He's been on his "best behaviour" for the last few months as far as flirting/cybering with girls online goes....I told him if I caught him one more time we where finished, no second chances.

Had a funny feeling the last few days that he was up to something, he's been acting suspicious again, closing sites down as I walk in the room, changing his passwords to ones I don't know, adding girls to his MSN etc...

I asked him last night quite calmly if there was anything I should know about and explained I'd noticed he'd been acting differently, secretive etc...
He reassured me that he was just "mates" with the girls he spoke to (some of which I speak to too) and that he'd been on his best behaviour etc..

I wake up today and he immediatly closes this chat site we use down as I walk in the room. So I checked, most of his mails he'd deleted, but there was about 10 or so talking to some girl about sex, anal sex and how she had tried it once but didn't like it, and he repled "we'll have to get ya toughened up then *wink*" Telling her how big his manhood was, etc etc...

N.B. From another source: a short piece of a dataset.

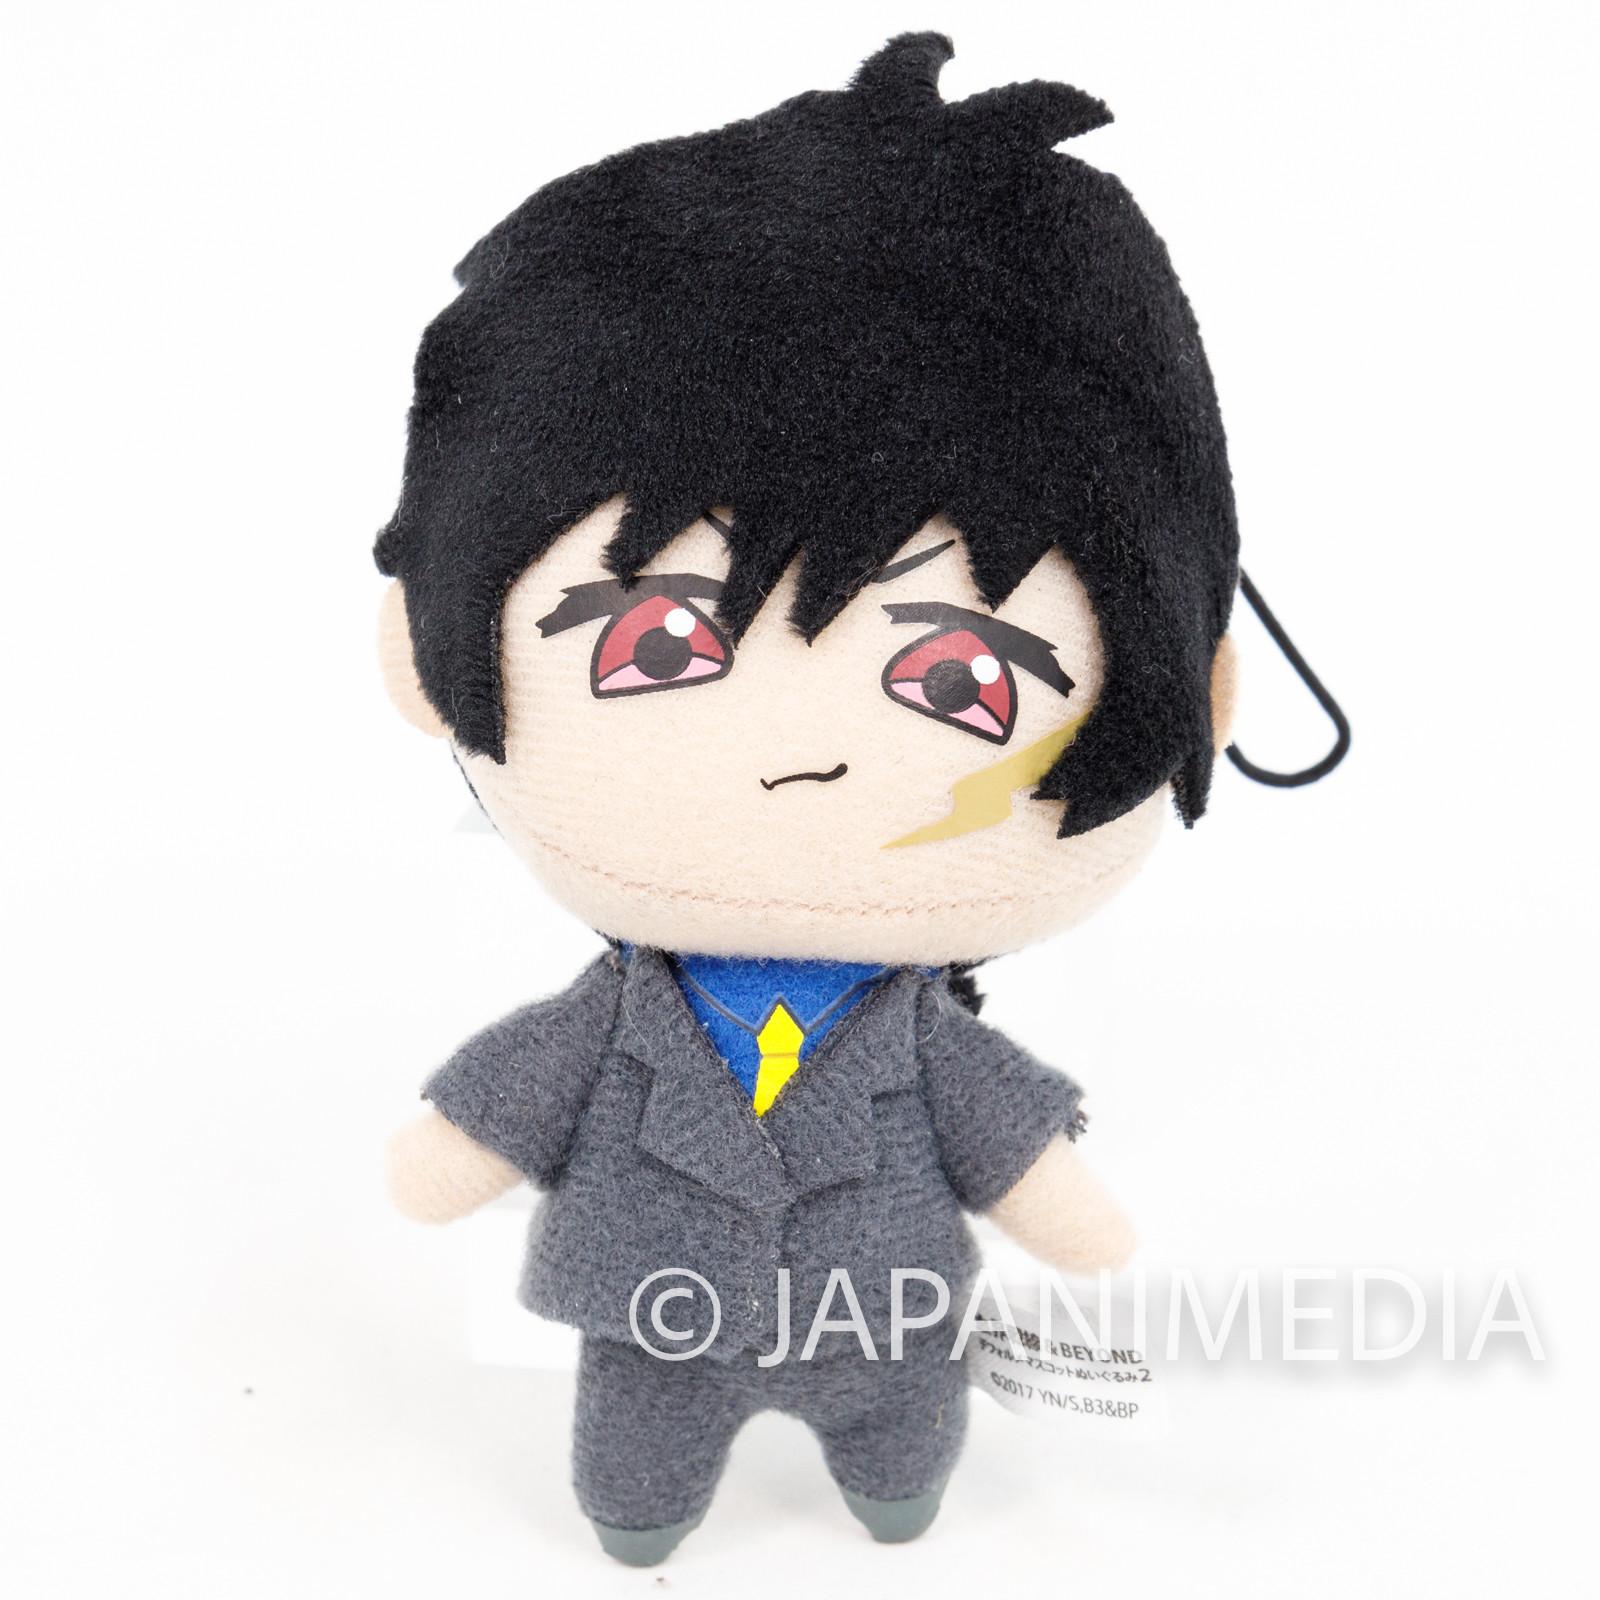 Blood Blockade Battlefront Steven A. Starphase Plush Doll JAPAN ANIME
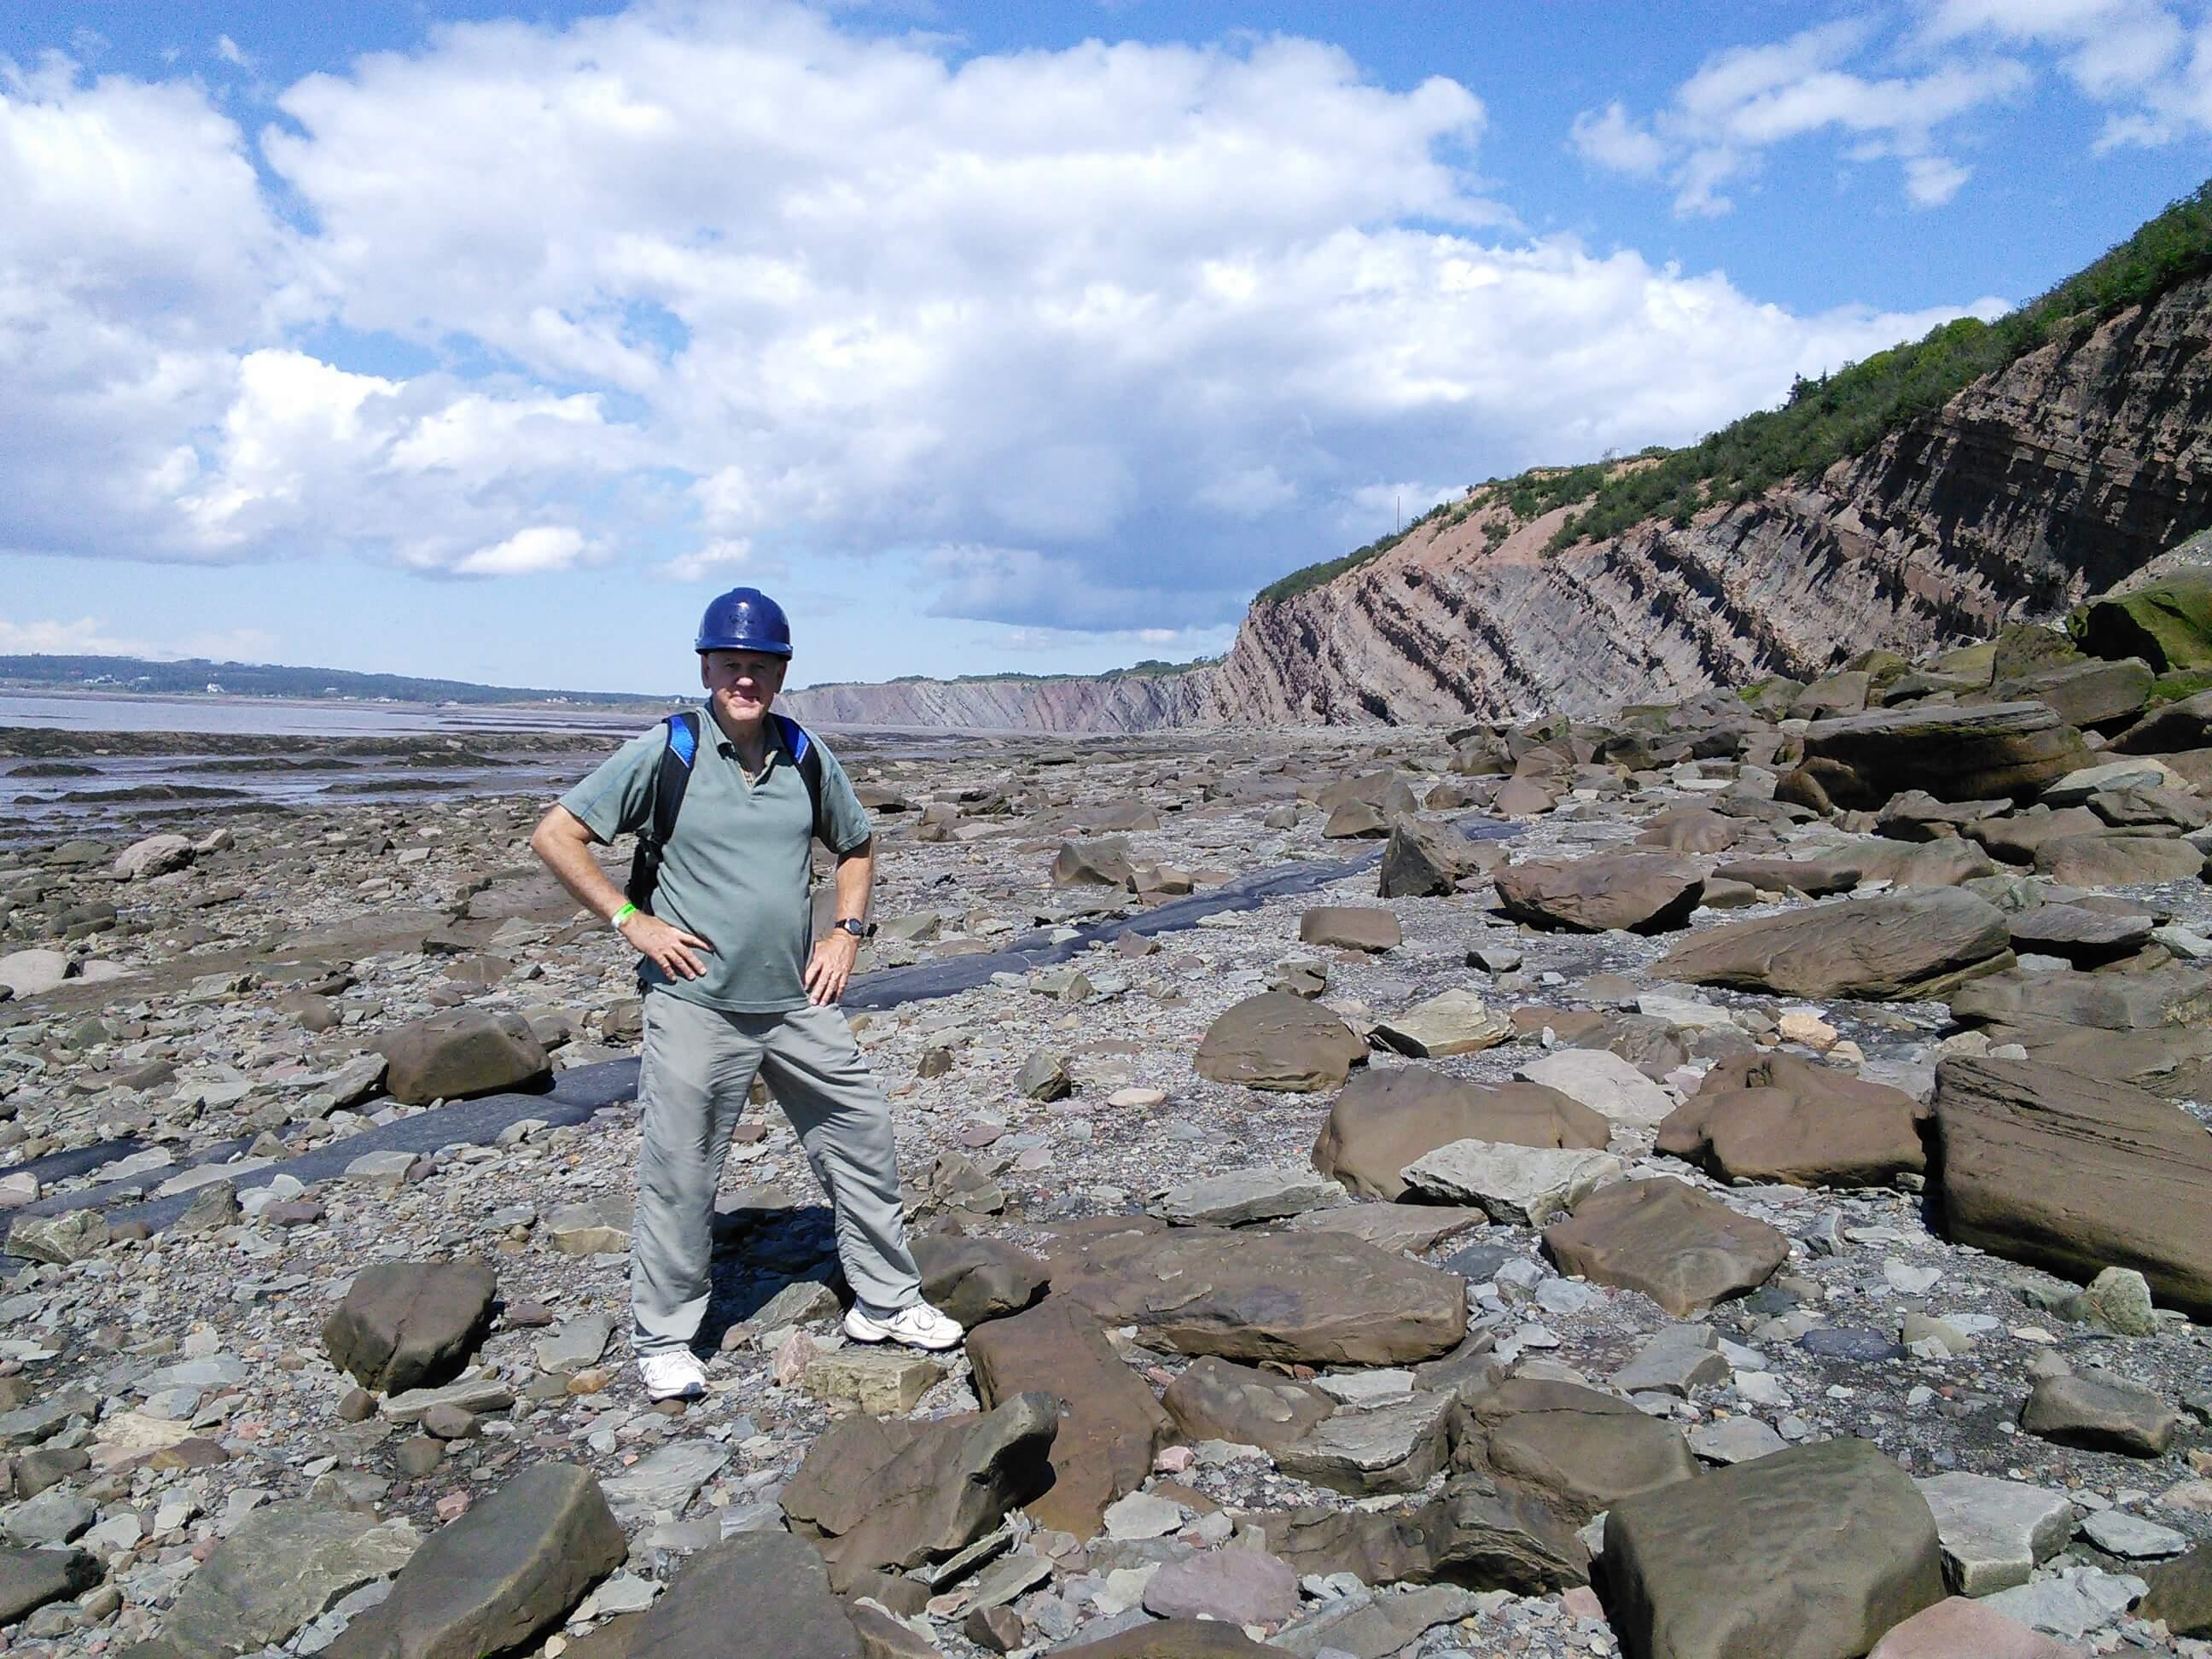 Lyell's corner, Joggins Fossil Cliff, NS

Ok, it's no where near as bad as some of the stuff I've read, infact it's quite tame for him, but I'm SO not amused.

What do I do? I want to kill him, tell him to leave...but I know he won't go so it'll turn into world war 3, then he'll have his "excuse" to get really drunk and then he'll get worse...I'm too tired to fight, but the thought of trying to be nice to him all night sickens me. Then it's his birthday tomorrow too...

Do I say anything or say nothing and see if he goes further...so far that I know he's past my limit and then I won't be so indecisive....

Argh! Why do they tell you to trust them when they're bare face lying!!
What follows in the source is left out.